Learn About The Price Of Gold Bullion From Gold Dealers

Becoming a gold bullion investor can feel intimidating for first-timers and you may have a number of questions. Who sets the price of gold, what is long- and short-term hedging and should you be worried about it, and how do you buy gold online? Below, you should find some explanations, but you should always contact gold dealers directly or talk to a financial advisor about investment decisions.

Who Sets The Gold Price?

On the stock market, stock prices can change up to the minute – it’s why you see real time stock tickers and newscasters announce where a stock or a currency “finished the day.” The price responds in real time to supply and demand, whereas the price of gold is determined twice every business day by the London gold fixing. The members of London Gold Market Fixing Ltd., which sets the spot price of gold, include banks from around the world, including Barclays, Scotiabank, and the Société Générale. The participants essentially determine the price of gold based on how much gold members intend to buy and how much is for sale, raising the price when demand exceeds supply.

Why Gold Dealers Hedge

Gold works best as a long-term investment and as a hedge against inflation, stock market drops, and general economic uncertainty. But how do gold dealers weather the daily fluctuations in the price of gold and silver? They hedge between their long and short-term positions, selling physical gold as well as gold futures contracts, which are agreements to sell and deliver gold at a fixed price at a future date. The gold dealer loses out if the day-of price is above the futures contract price, but the risk buys them security if the price goes down.
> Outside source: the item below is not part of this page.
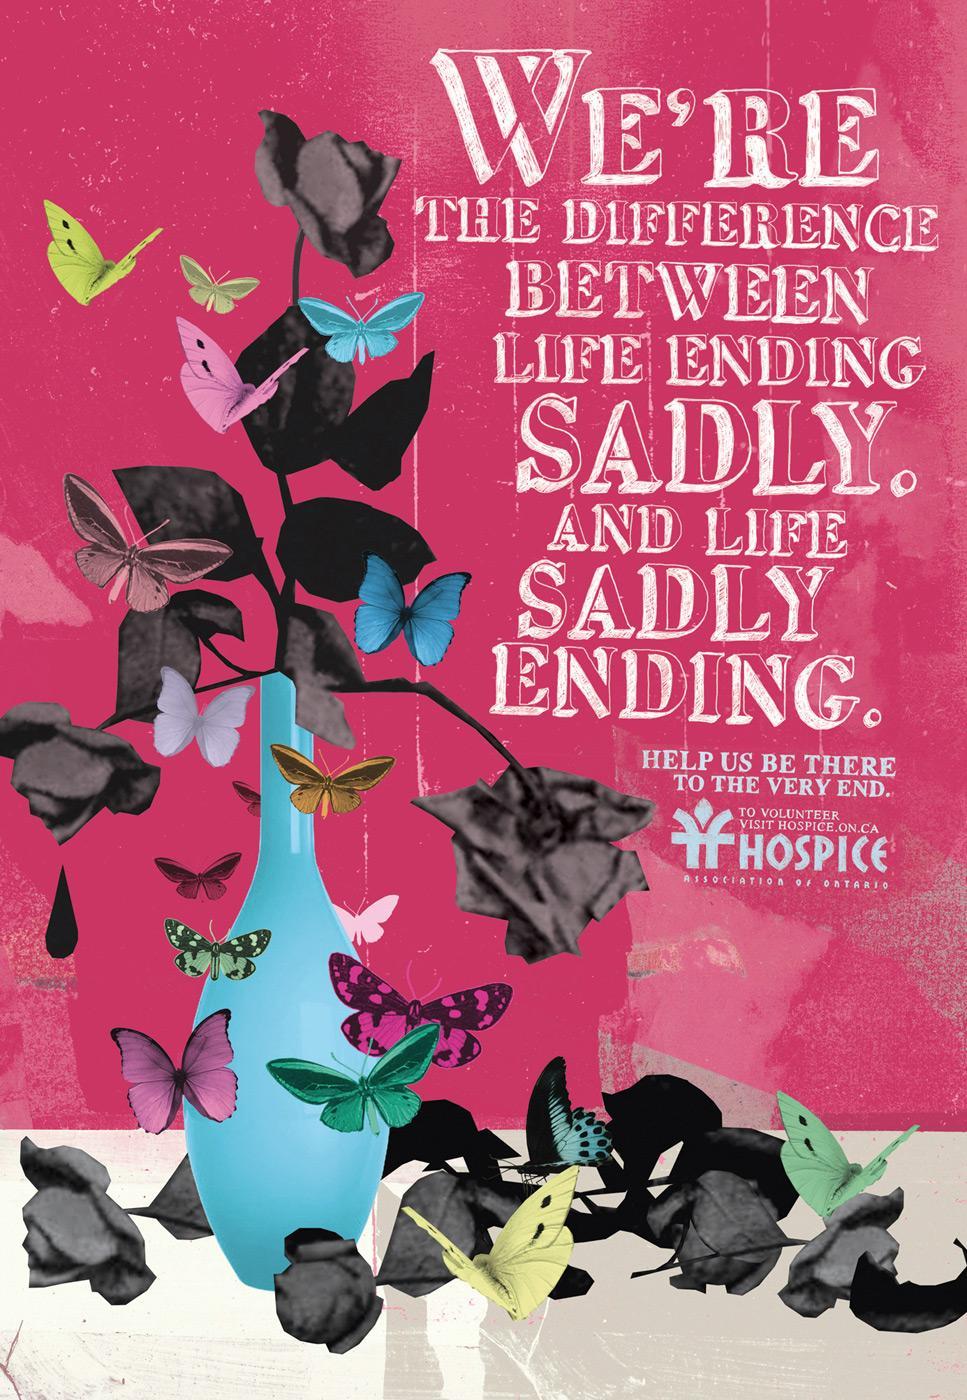 Hospice Print Ad -  Life ending sadly

It’s a position that places security over high-risk, high-reward investment.

What You Need To Know About Buying Gold Online

Many gold bullion investors prefer physical gold over futures or ETFs – they want the real thing because there’s no third-party risk and they want the reassurance of the real deal, not an agreement or a piece of paper. These investors are better off letting gold dealers worry about futures and the day-to-day price fluctuations while they focus on the long-term and diversifying their portfolio with physical gold.
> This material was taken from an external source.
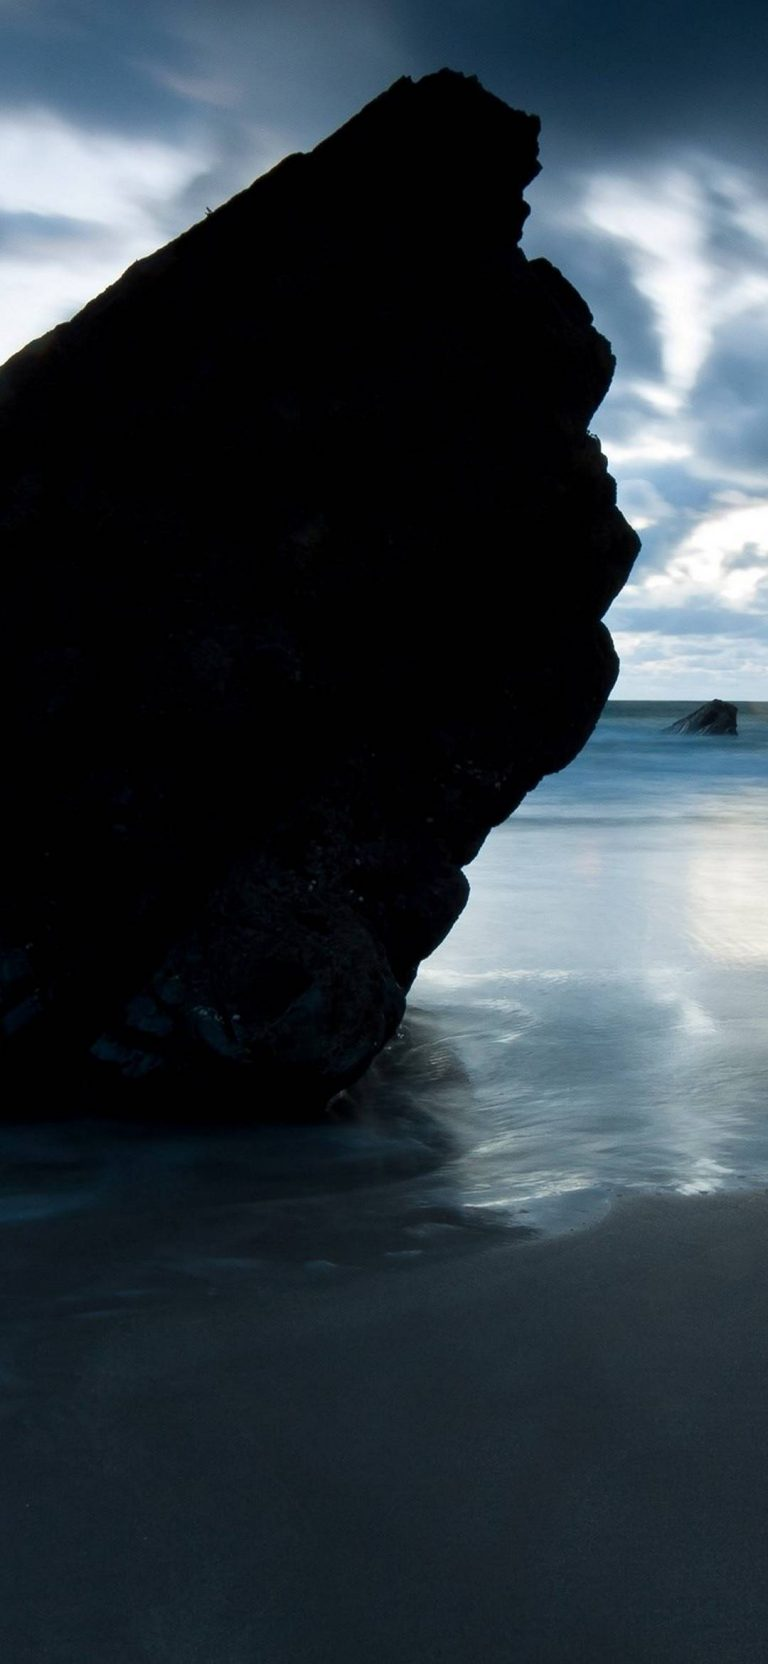 Nature Landscape Ocean Sea Beach 1080x2340 768x1664

When you buy gold online from a dealer like Silver Gold Bull, one of the largest gold dealers in Canada, you pay the price at which you lock in your purchase. Prices are binding once you have created an order number, and this also applies when you’re selling. If you’re using a credit card or PayPal, you will have to pay the full price over spot (a fee for handling the transaction), but you can get a cash discount by paying with a wire transfer, Bitcoin, cheque or money order, Interac online, or e-transfer. For more information on buying cheap gold and payment methods, stop by Silver Gold Bull and check out their Q&A section. It’s then either shipped to you or you can store it with the gold bullion dealer. You can get allocated and insured storage from Silver Gold Bull, or you can store it yourself in a home safe or a safe deposit box at the bank. Buying gold online is simple and straightforward, even for the first-time investor.